• _RECORDED DATA_:
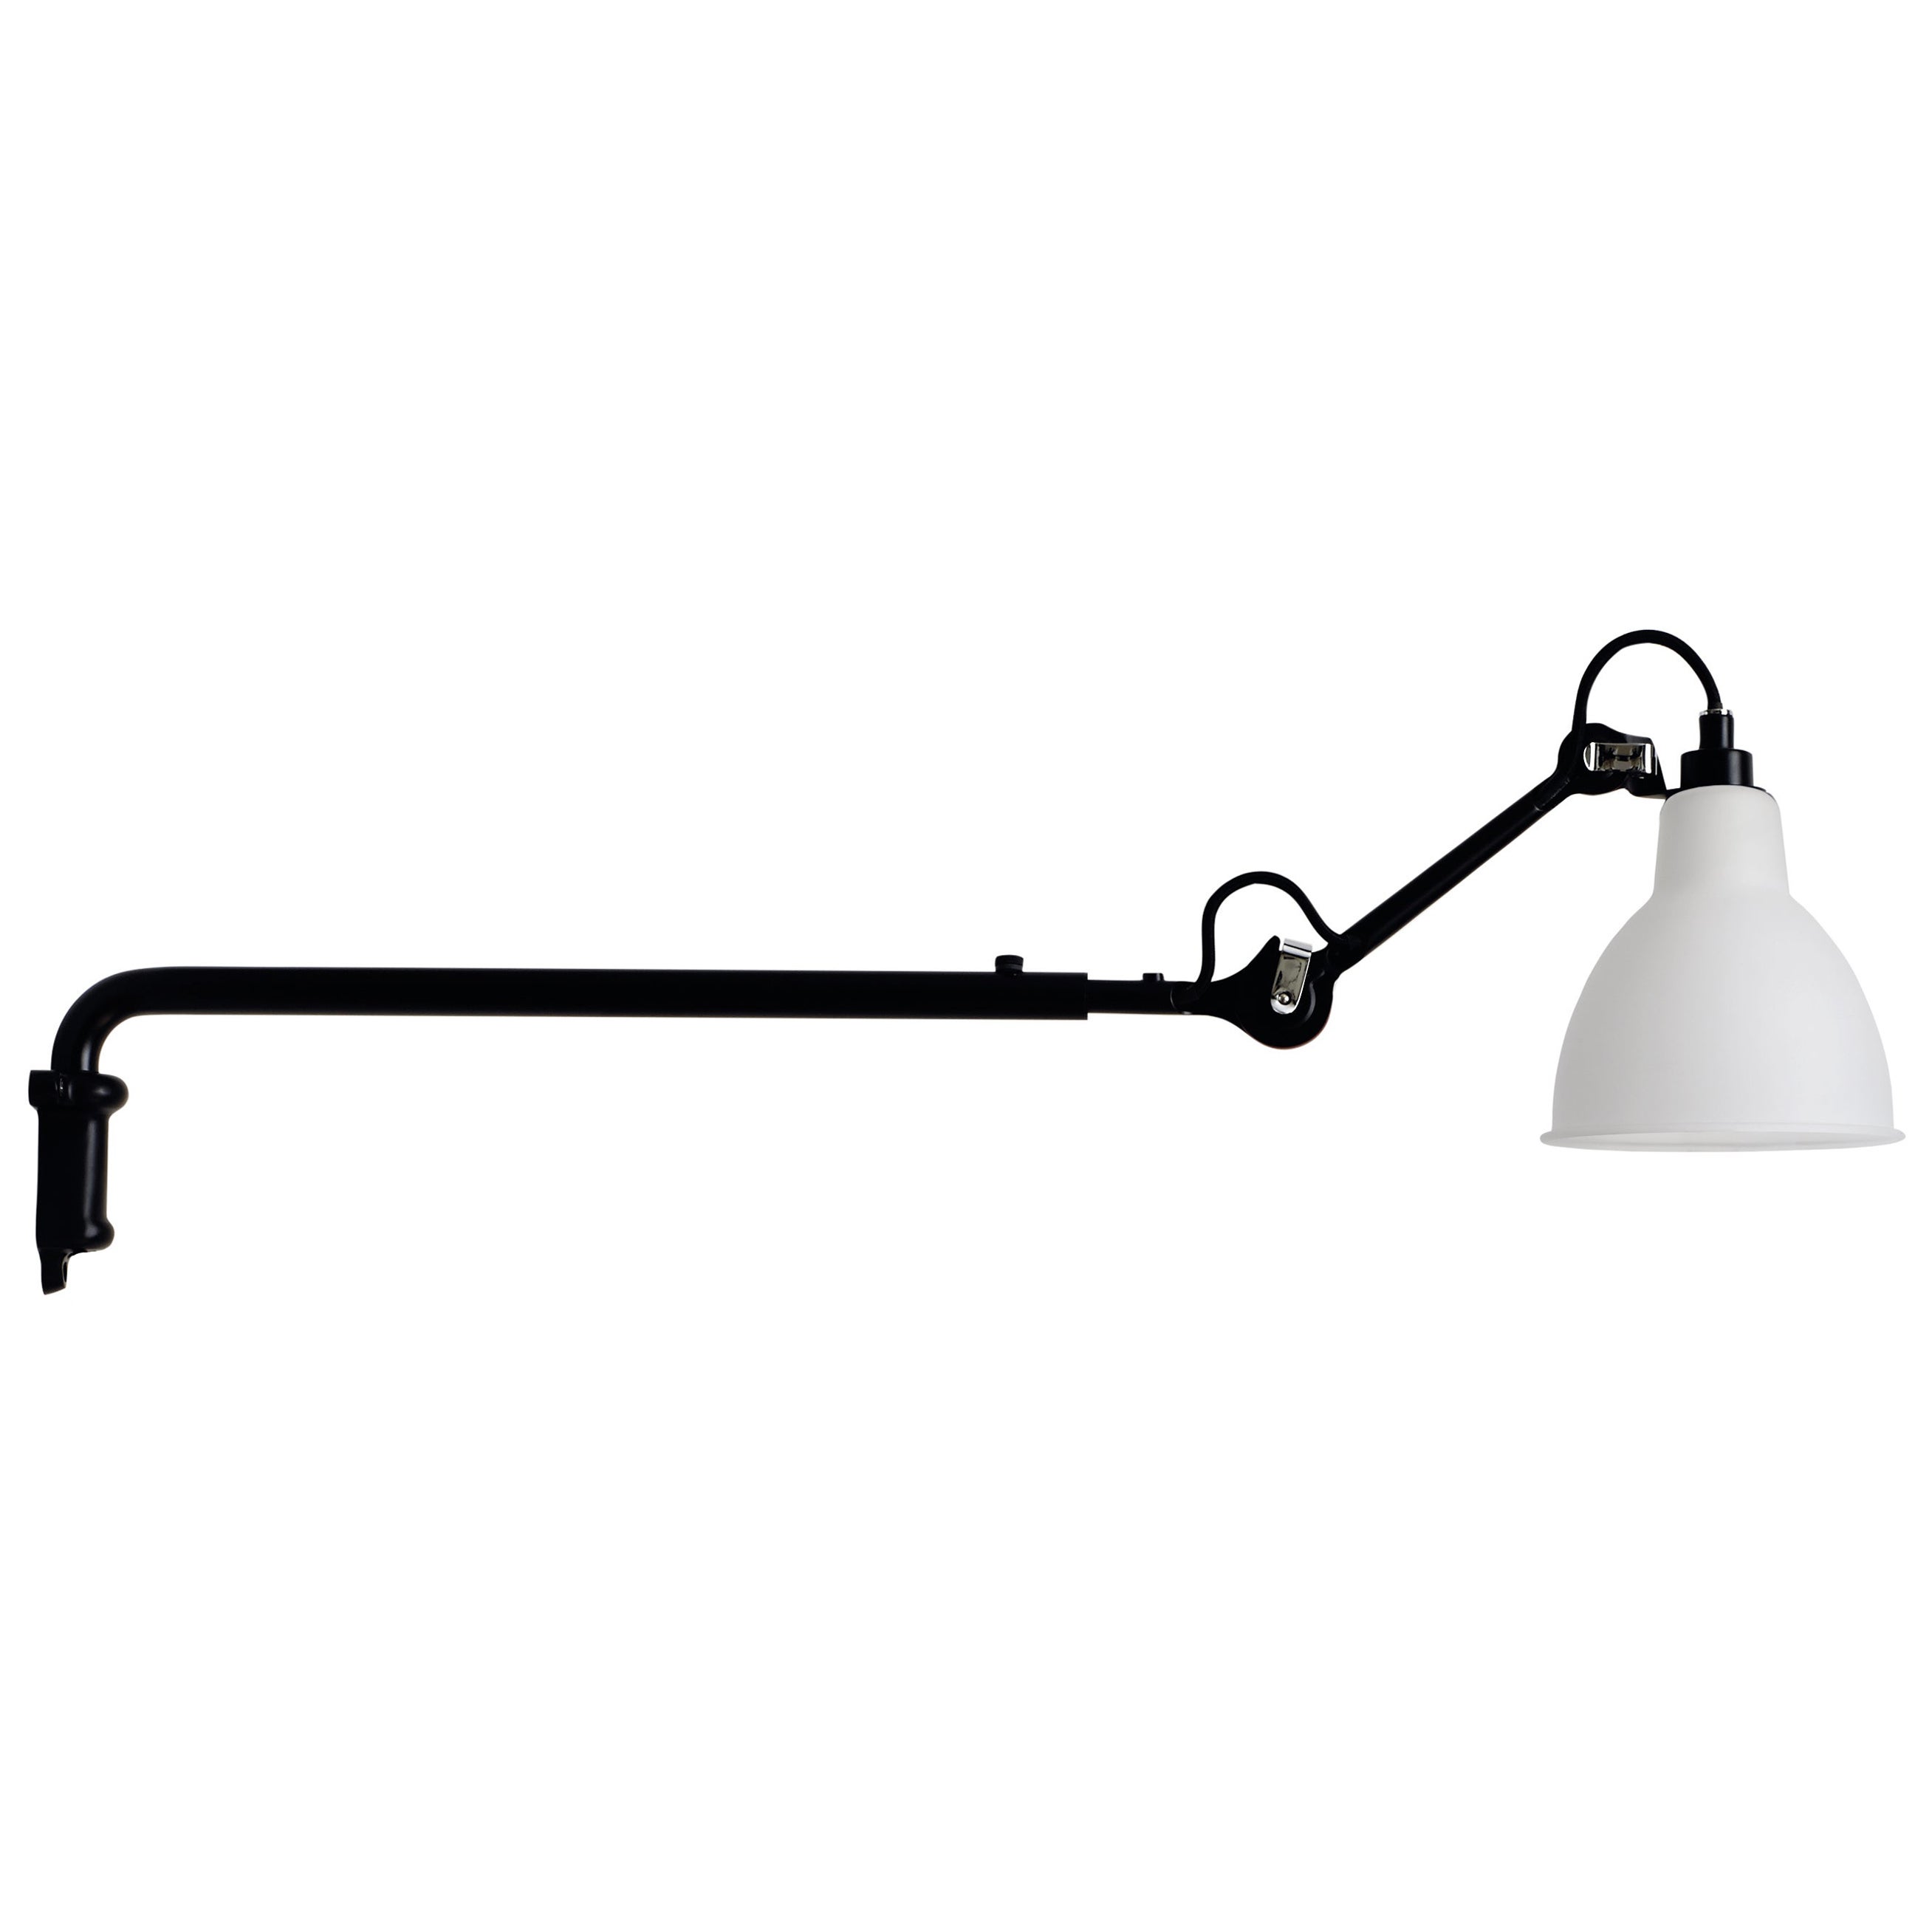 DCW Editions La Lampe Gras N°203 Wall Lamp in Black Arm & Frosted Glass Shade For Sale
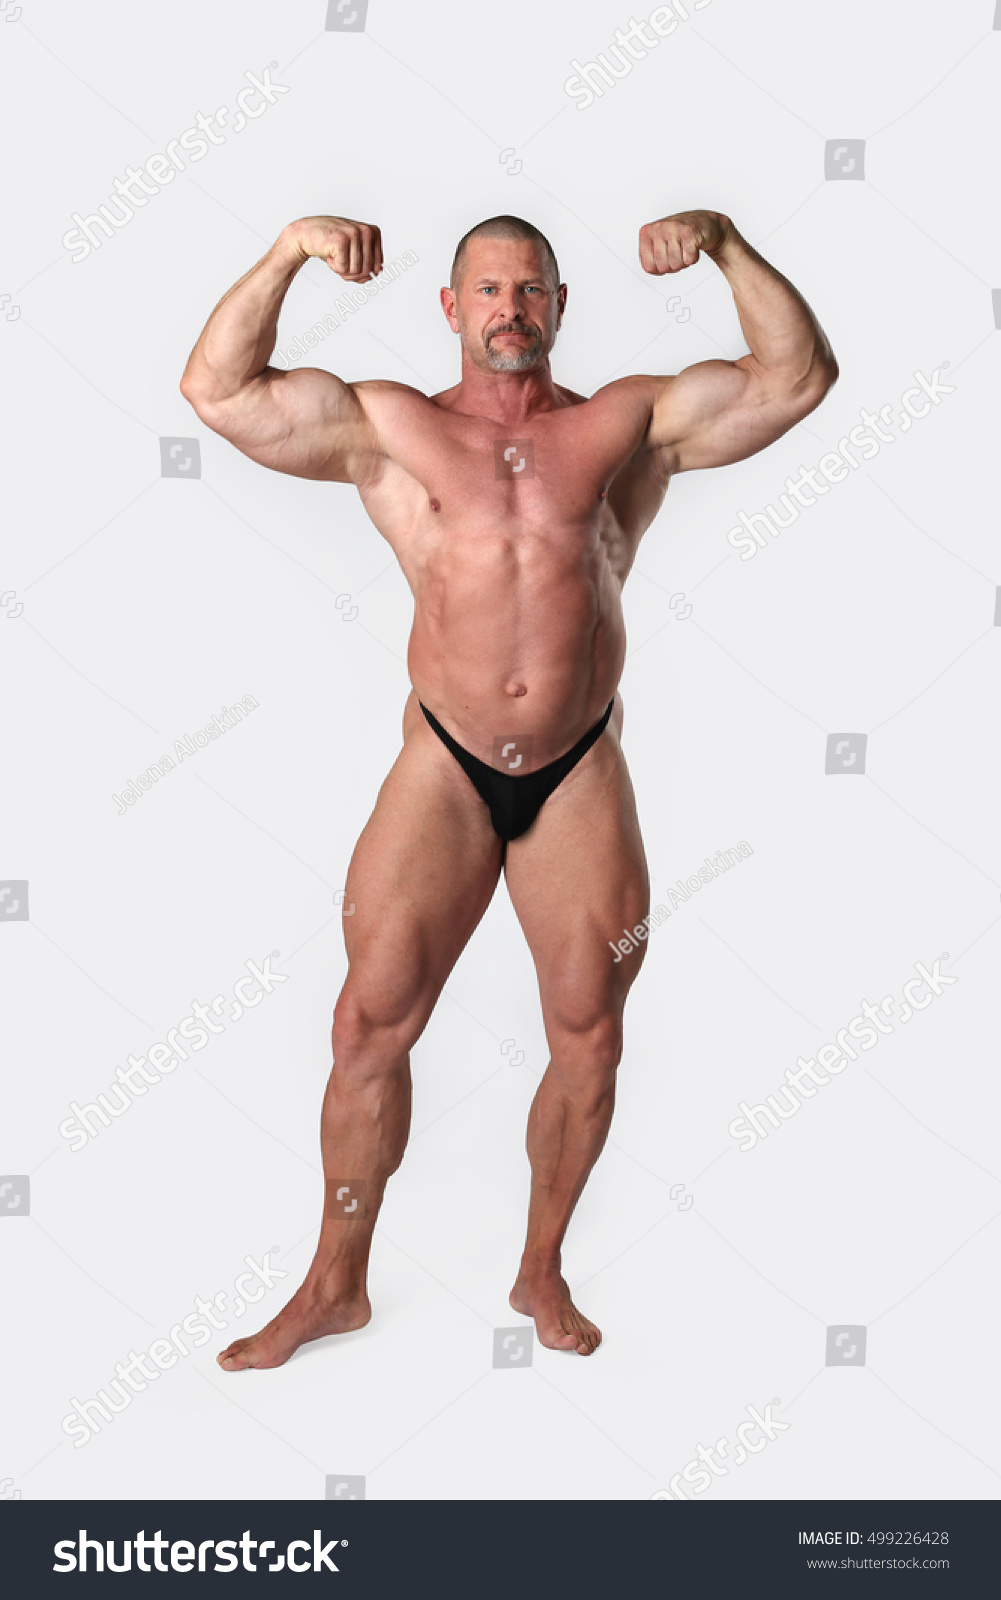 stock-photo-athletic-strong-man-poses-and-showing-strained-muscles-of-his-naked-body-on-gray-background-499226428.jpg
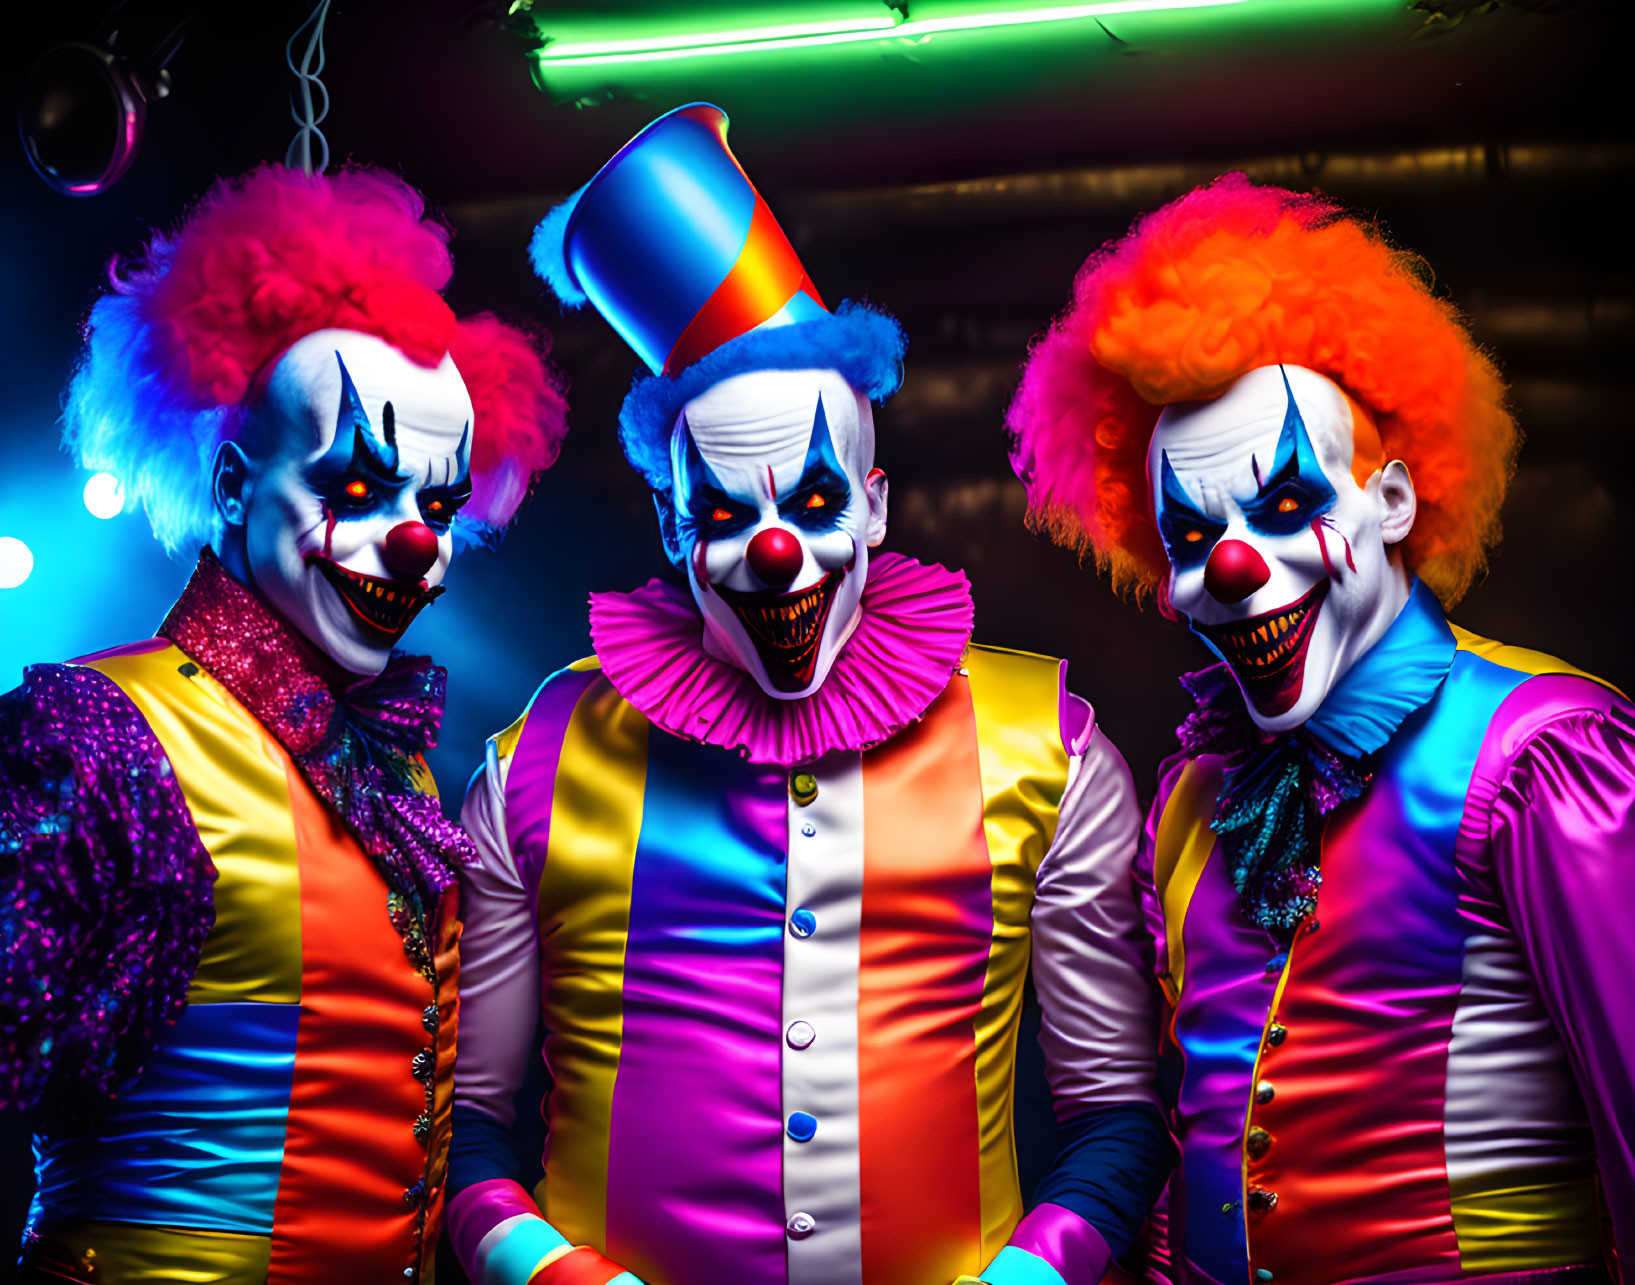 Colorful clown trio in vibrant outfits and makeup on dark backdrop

• _TASK TO COMPLETE_: With images omitted, output the data exactly as given.

• _SOLUTION TO THE EXERCISE_:
 DCW Editions La Lampe Gras N°203 Wall Lamp in Black Arm & Frosted Glass Shade For Sale
 stock-photo-athletic-strong-man-poses-and-showing-strained-muscles-of-his-naked-body-on-gray-background-499226428.jpg
 Colorful clown trio in vibrant outfits and makeup on dark backdrop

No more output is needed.